Required action:
A faithful transcript of all the lines below, with no pictures, is the goal here.
------ Input data
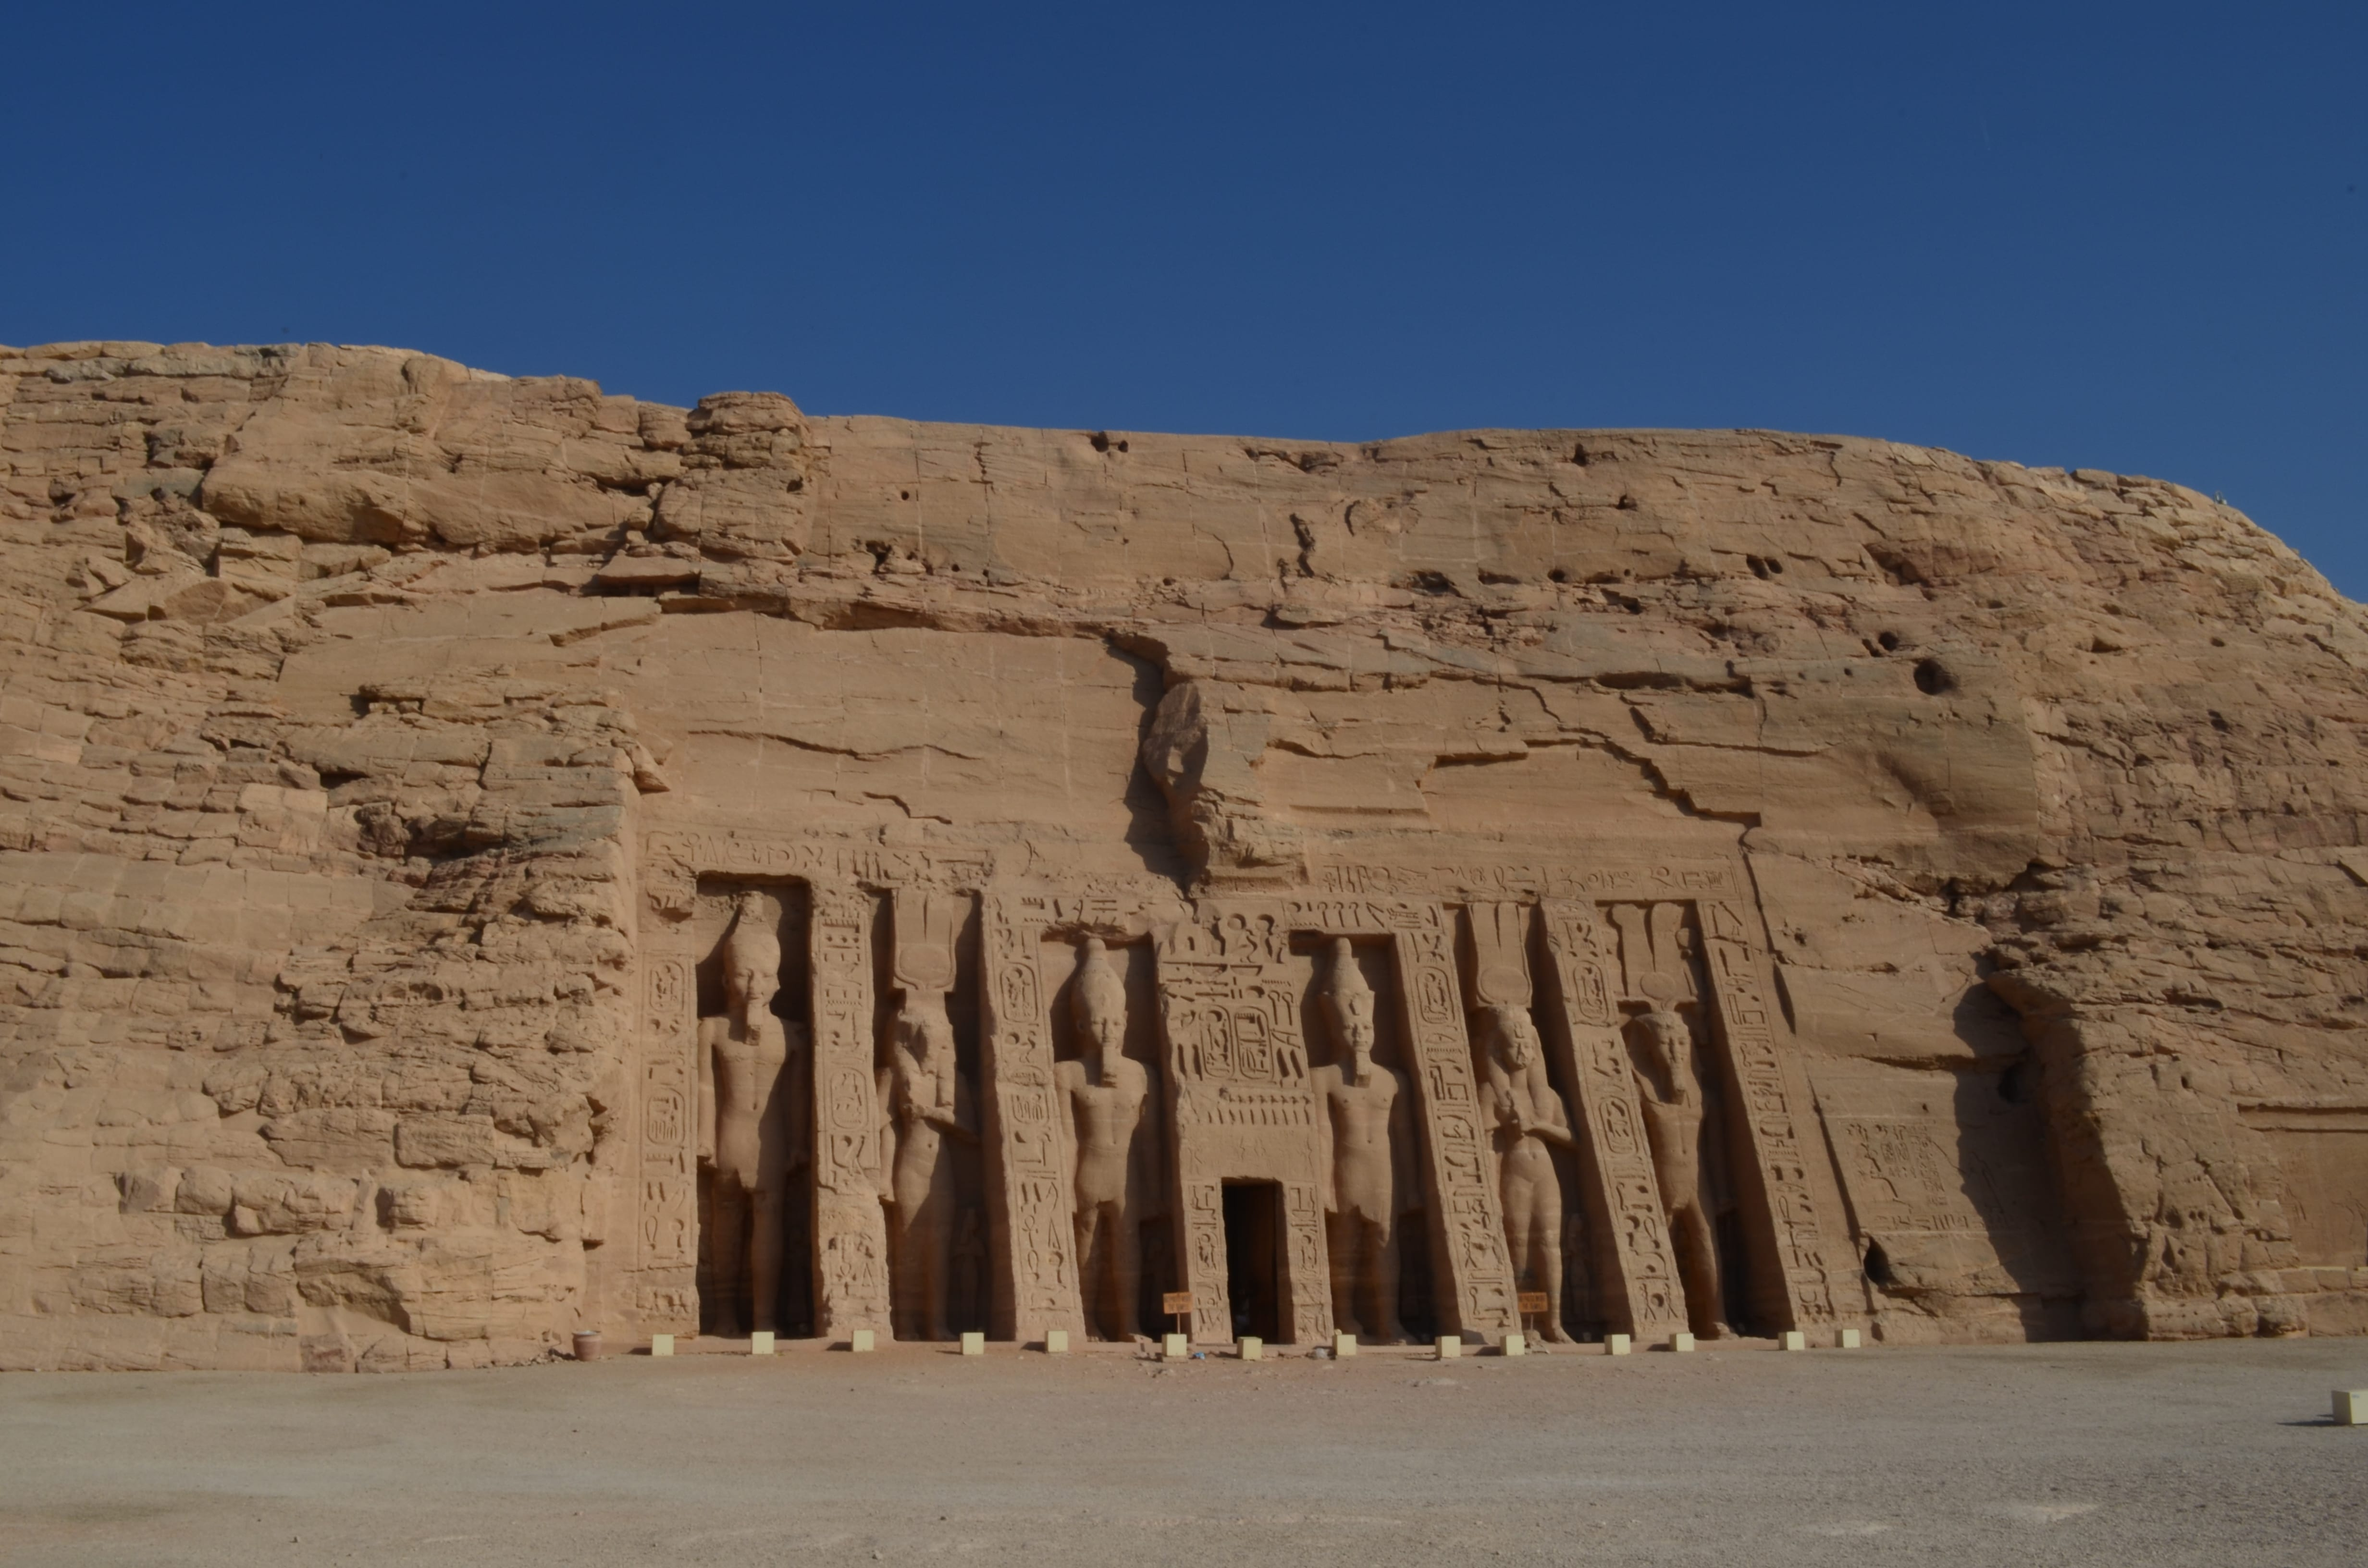 El templo de Nefertari al Sur de Egipto
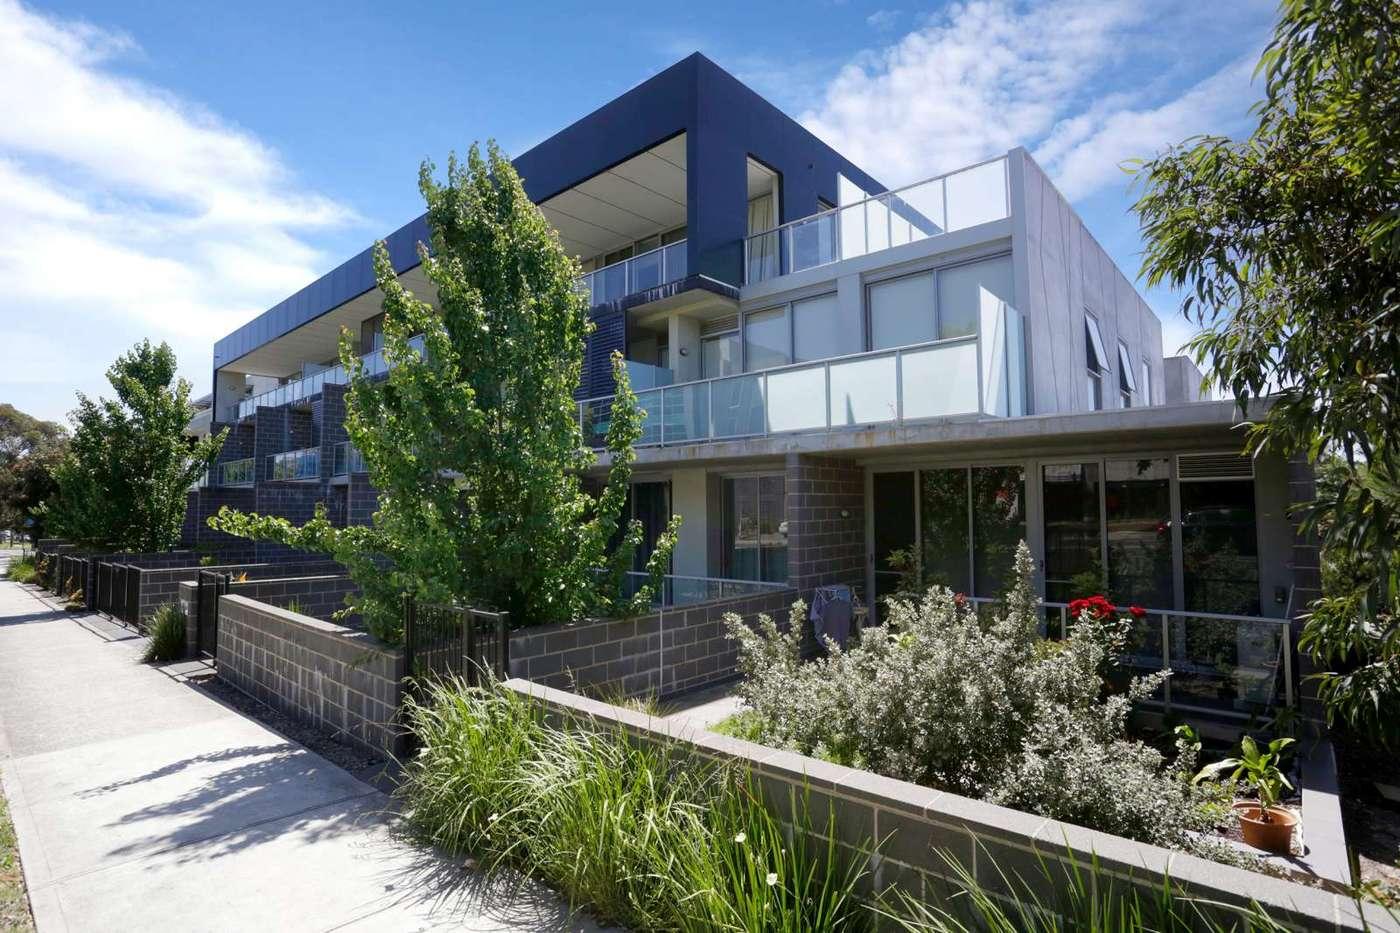 Main view of Homely apartment listing, 205/286-290 Blackburn Rd, Glen Waverley, VIC 3150
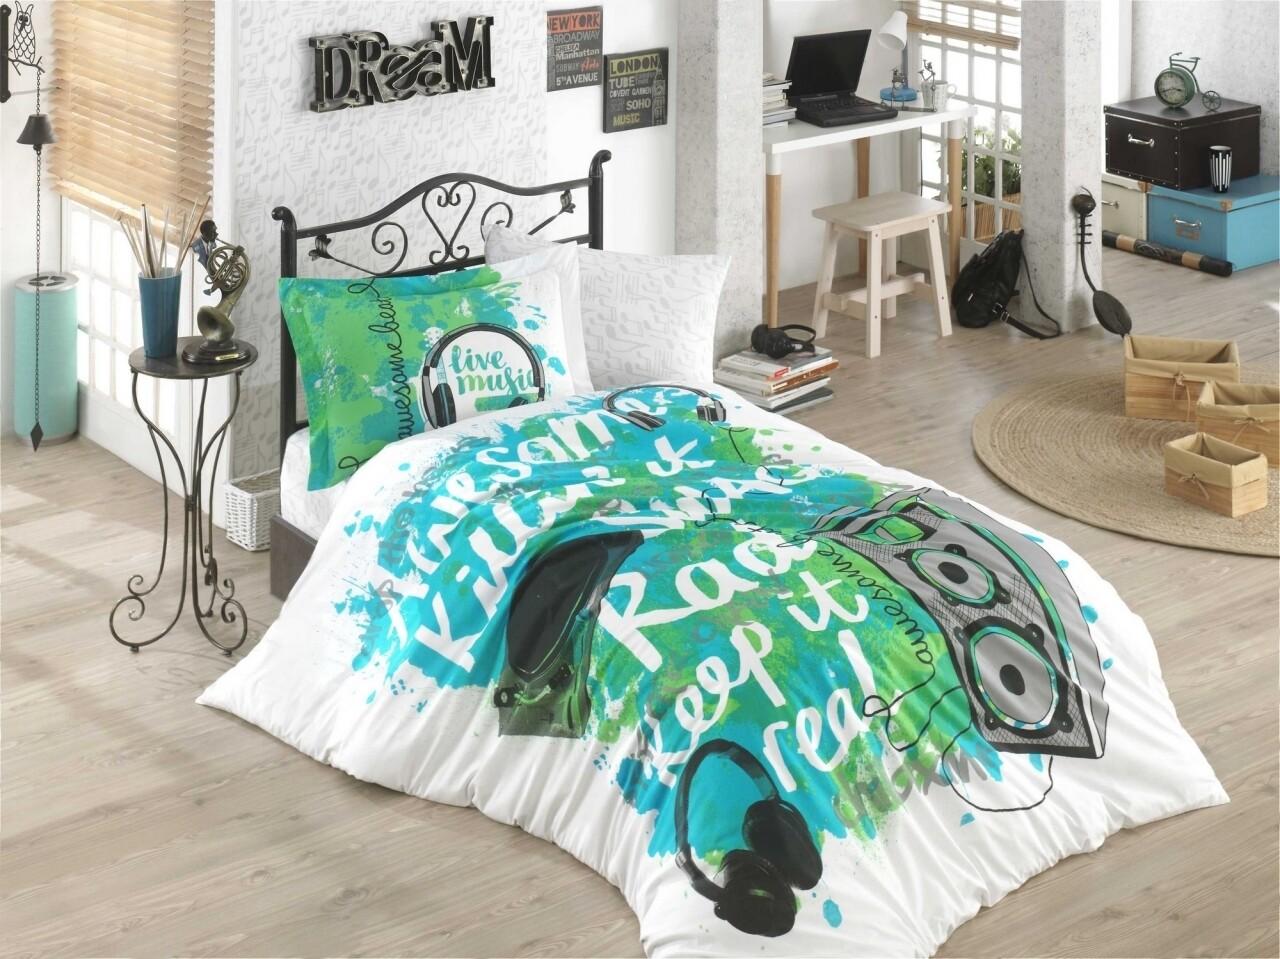 Lenjerie de pat pentru o persoana, Live Music Green, Hobby, 3 piese, 160 x 240 cm, 100% bumbac poplin, verde/alb
------------
Finished exercise:
 El templo de Nefertari al Sur de Egipto
 Main view of Homely apartment listing, 205/286-290 Blackburn Rd, Glen Waverley, VIC 3150
 Lenjerie de pat pentru o persoana, Live Music Green, Hobby, 3 piese, 160 x 240 cm, 100% bumbac poplin, verde/alb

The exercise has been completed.